From: Roman Gushchin <guro@fb.com>
To: Christian Brauner <christian.brauner@ubuntu.com>
Cc: Christian Brauner <brauner@kernel.org>, Tejun Heo <tj@kernel.org>,
Shakeel Butt <shakeelb@google.com>,
Zefan Li <lizefan.x@bytedance.com>,
Johannes Weiner <hannes@cmpxchg.org>, <cgroups@vger.kernel.org>,
<containers@lists.linux.dev>
Subject: Re: [PATCH v2 1/5] cgroup: introduce cgroup.kill
Date: Wed, 5 May 2021 12:13:48 -0700 [thread overview]
Message-ID: <YJLubKN2JmffZjLd@carbon.dhcp.thefacebook.com> (raw)
In-Reply-To: <20210505184632.jvg54r75d5lkdhuf@wittgenstein>
On Wed, May 05, 2021 at 08:46:32PM +0200, Christian Brauner wrote:
> On Wed, May 05, 2021 at 10:57:00AM -0700, Roman Gushchin wrote:
> > On Mon, May 03, 2021 at 04:39:19PM +0200, Christian Brauner wrote:
> > > From: Christian Brauner <christian.brauner@ubuntu.com>
> > >
> > > Introduce the cgroup.kill file. It does what it says on the tin and
> > > allows a caller to kill a cgroup by writing "1" into cgroup.kill.

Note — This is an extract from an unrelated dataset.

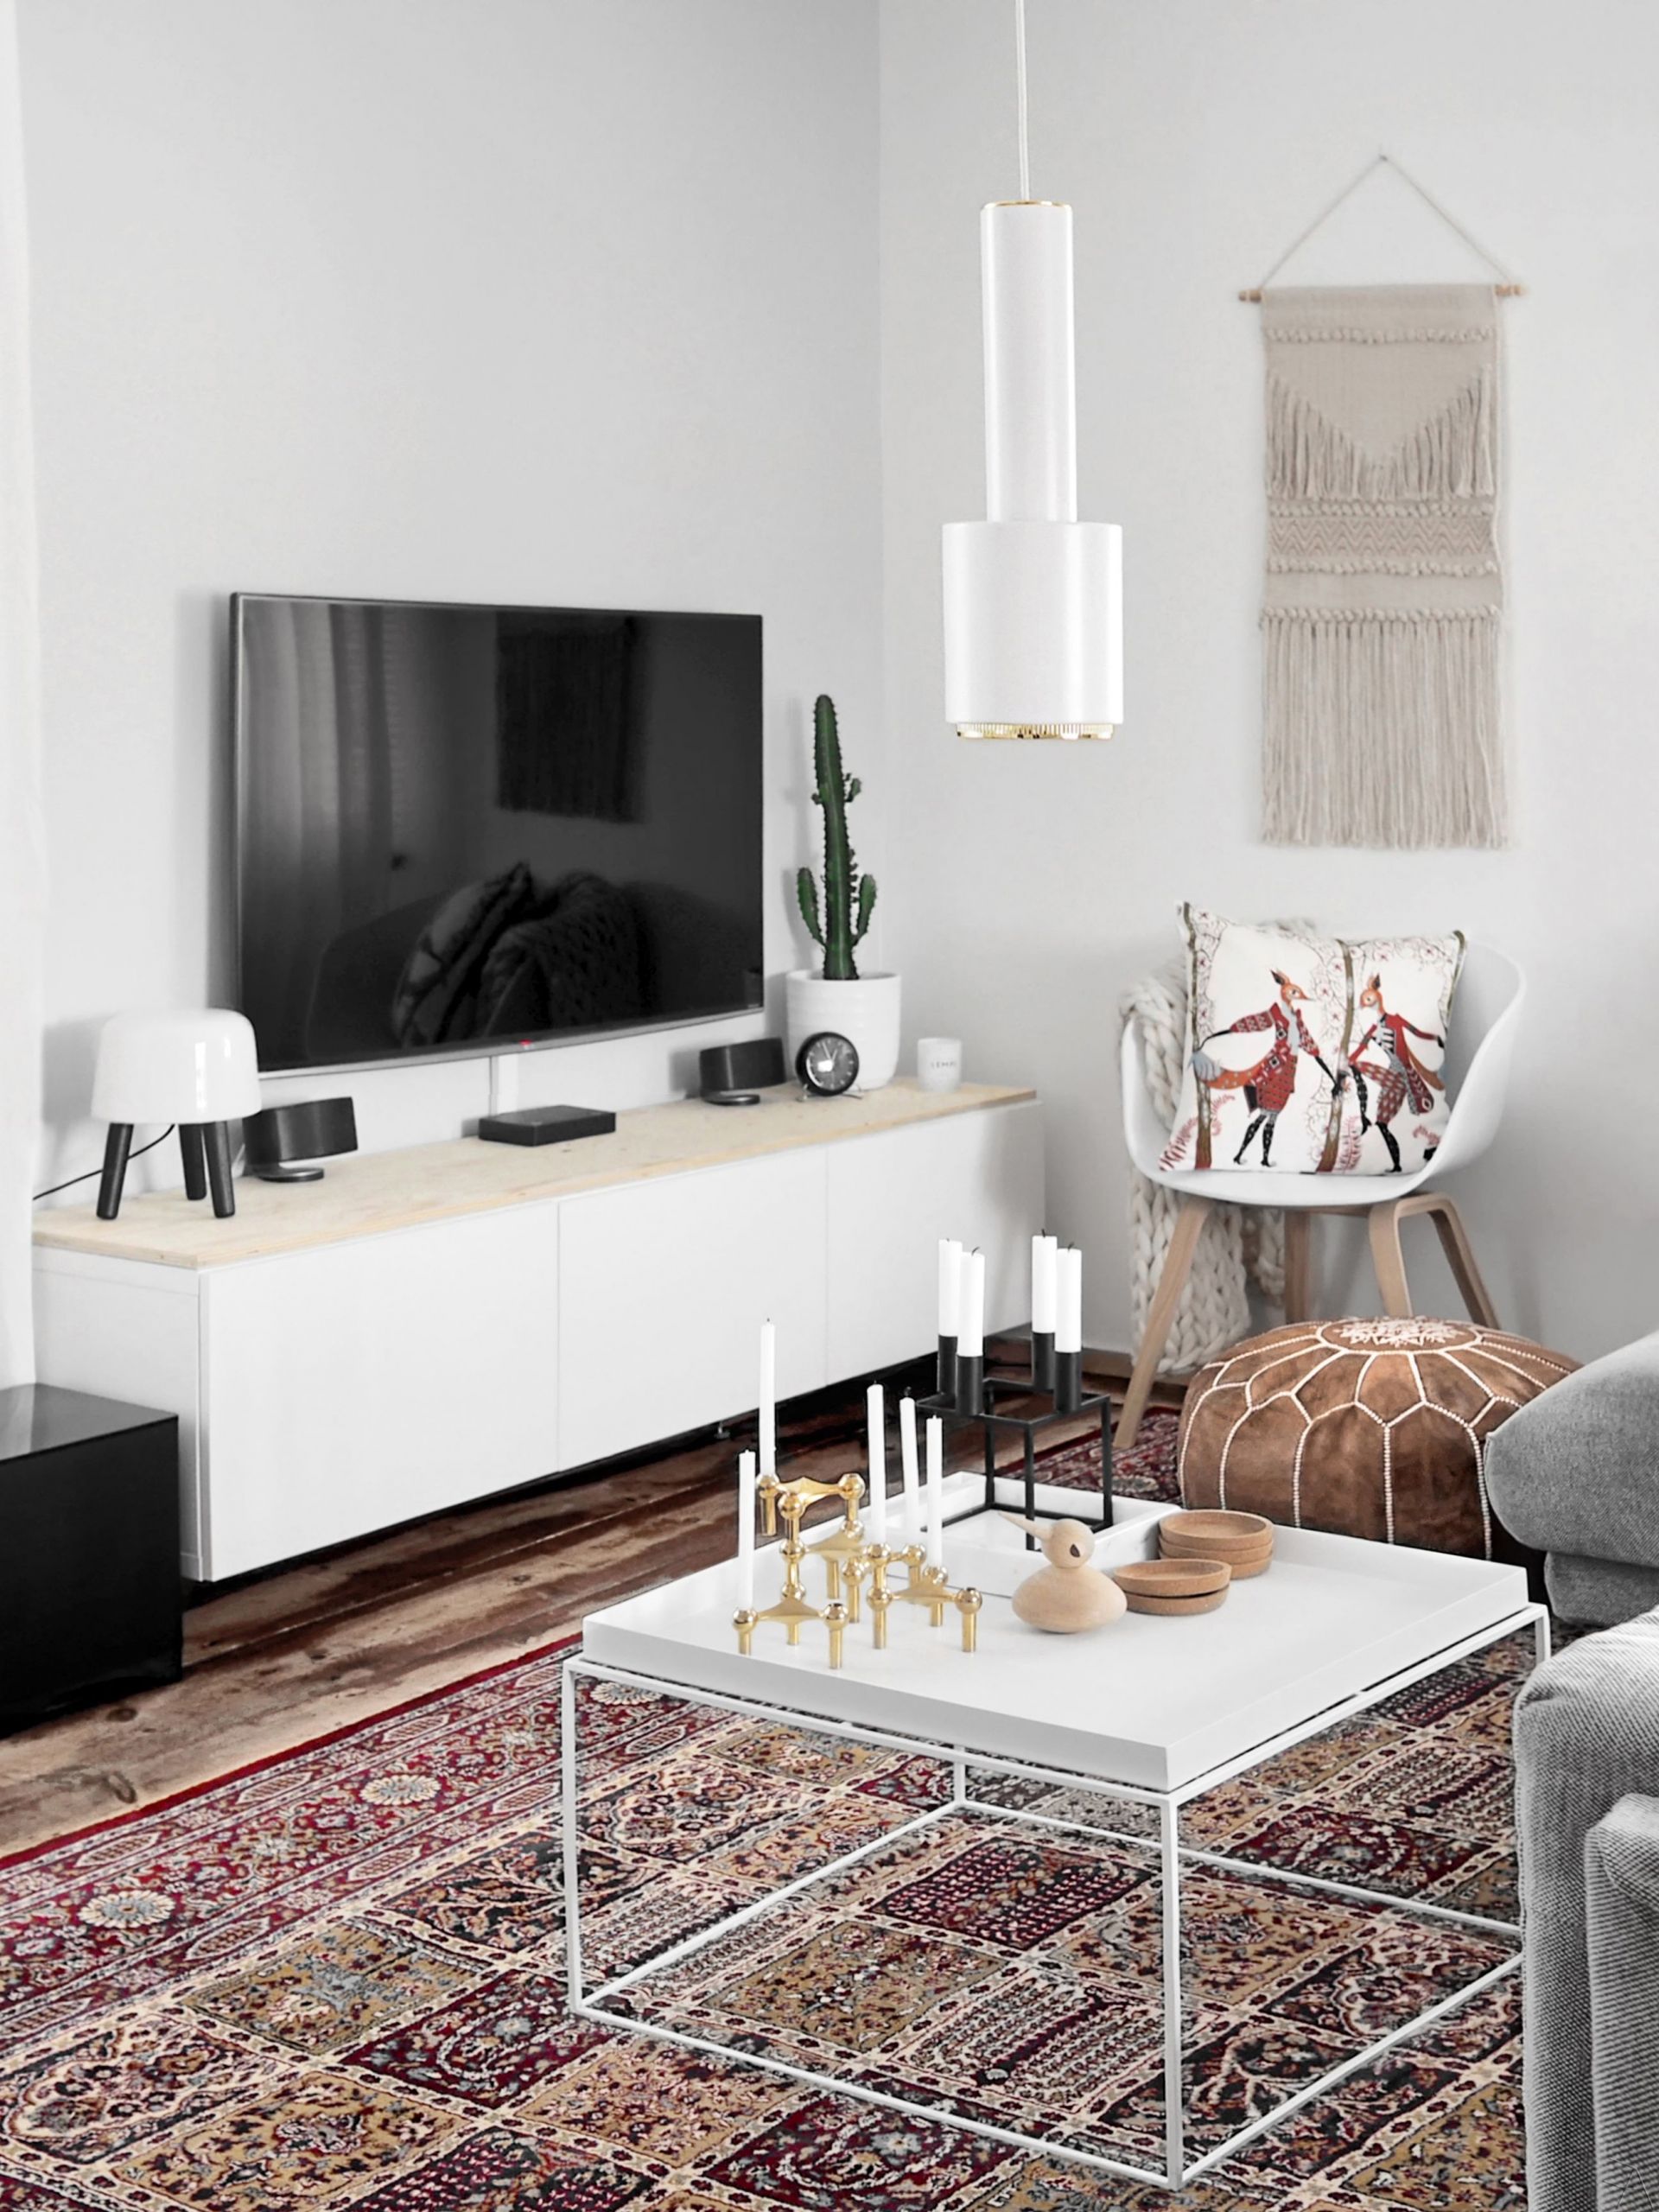 Ikea Living Room Rugs
 Our livingroom ️ IkeaRugs

> > > The file is available in non-root cgroups.
> > >
> > > Killing cgroups is a process directed operation, i.e. the whole
> > > thread-group is affected. Consequently trying to write to cgroup.kill in
> > > threaded cgroups will be rejected and EOPNOTSUPP returned. This behavior
> > > aligns with cgroup.procs where reads in threaded-cgroups are rejected
> > > with EOPNOTSUPP.
> > >
> > > The cgroup.kill file is write-only since killing a cgroup is an event
> > > not which makes it different from e.g. freezer where a cgroup
> > > transitions between the two states.
> > >
> > > As with all new cgroup features cgroup.kill is recursive by default.
> > >
> > > Killing a cgroup is protected against concurrent migrations through the
> > > cgroup mutex. To protect against forkbombs and to mitigate the effect of
> > > racing forks a new CGRP_KILL css set lock protected flag is introduced
> > > that is set prior to killing a cgroup and unset after the cgroup has
> > > been killed. We can then check in cgroup_post_fork() where we hold the
> > > css set lock already whether the cgroup is currently being killed. If so
> > > we send the child a SIGKILL signal immediately taking it down as soon as
> > > it returns to userspace. To make the killing of the child semantically
> > > clean it is killed after all cgroup attachment operations have been
> > > finalized.
> > >
> > > There are various use-cases of this interface:
> > > - Containers usually have a conservative layout where each container
> > > usually has a delegated cgroup. For such layouts there is a 1:1
> > > mapping between container and cgroup. If the container in addition
> > > uses a separate pid namespace then killing a container usually becomes
> > > a simple kill -9 <container-init-pid> from an ancestor pid namespace.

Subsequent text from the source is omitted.